- COBRA is a federal law that provides eligible employees and their dependents health insurance coverage in the event that the employee loses their job or has their hours reduced.
- Employers with 20 or more full-time employees are required to provide COBRA coverage.
- For an employee to receive COBRA coverage, they must experience a qualifying event, such as loss of employment, and meet certain other eligibility requirements.
- This article is for small business owners and HR professionals who want to learn about what COBRA is and what they are required to provide for their employees.

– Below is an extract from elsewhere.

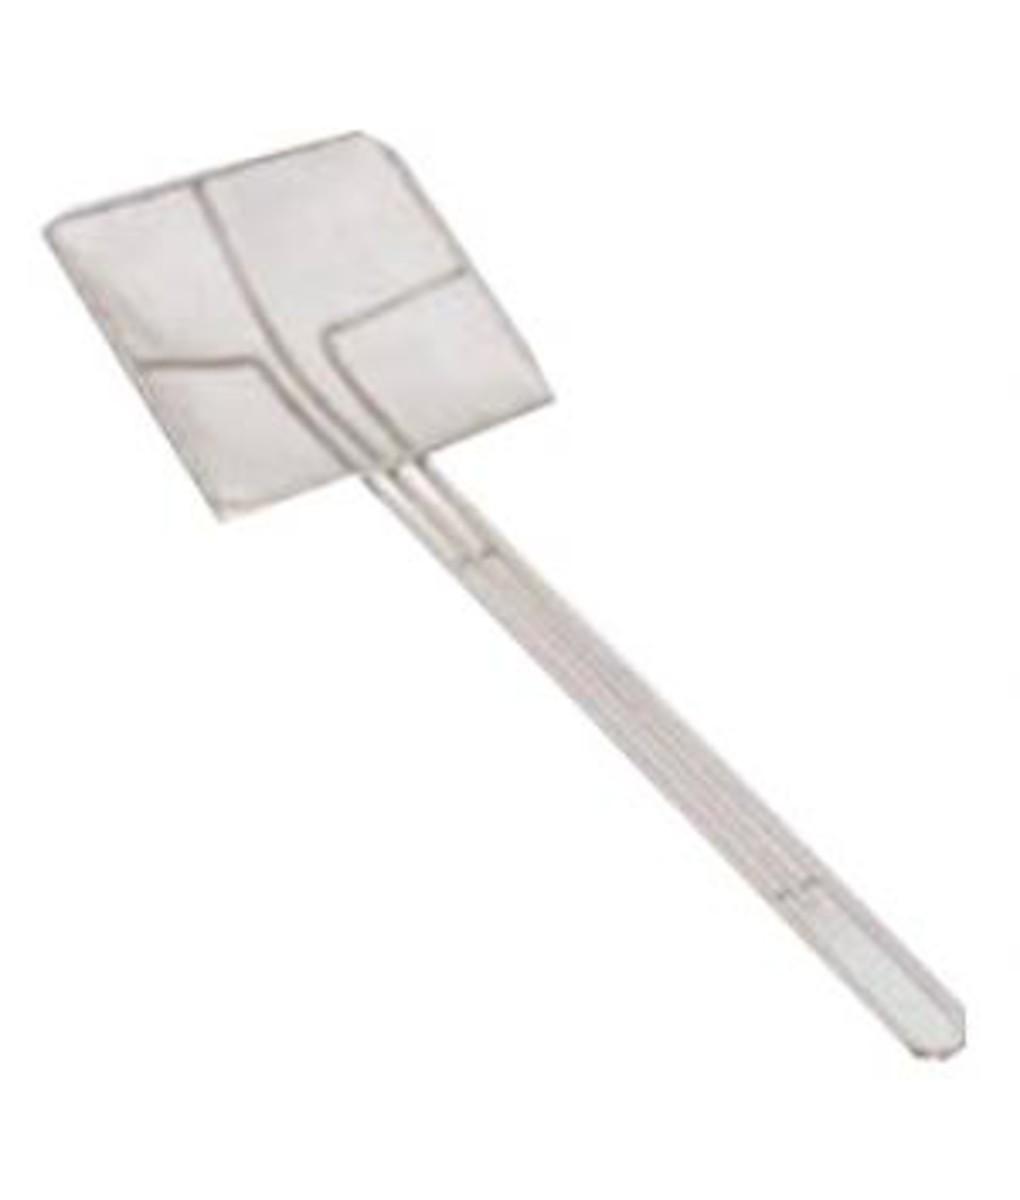 Fine mesh square skimmer

Health coverage is one of the most important employee benefits employers provide. As such, having a safety net in place in the case of certain events, like loss of employment or employer bankruptcy, is vital for the health and well-being of your employees. COBRA is a federal law that provides that safety net for health insurance coverage. In this guide, learn what COBRA is, who is eligible, and what you are responsible for providing to your employees.
What is COBRA insurance?
COBRA, which stands for the Consolidated Omnibus Budget Reconciliation Act, is a federal law created in 1985 that provides eligible employees and their dependents with health insurance coverage in the event the employee loses their job or has their hours reduced. COBRA does not provide any supplemental coverage, such as disability, life insurance or hospital care insurance. COBRA can be offered in conjunction with other severance packages. [Read related article: How to Offer Health Insurance to Your Employees]
“In everyday speak, COBRA is a government program that ensures employees, even after they leave employment, can keep their company-sponsored healthcare program,” said Laura Handrick, contributing HR professional at Choosing Therapy.
How does COBRA insurance work?
COBRA’s main purpose is to extend employees’ health insurance coverage when they are no longer eligible for an employer’s plan. This is how COBRA works from the employee’s perspective:
- Your employer, insurance carrier or both will provide you with information on COBRA coverage when you initially enroll in the insurance plan.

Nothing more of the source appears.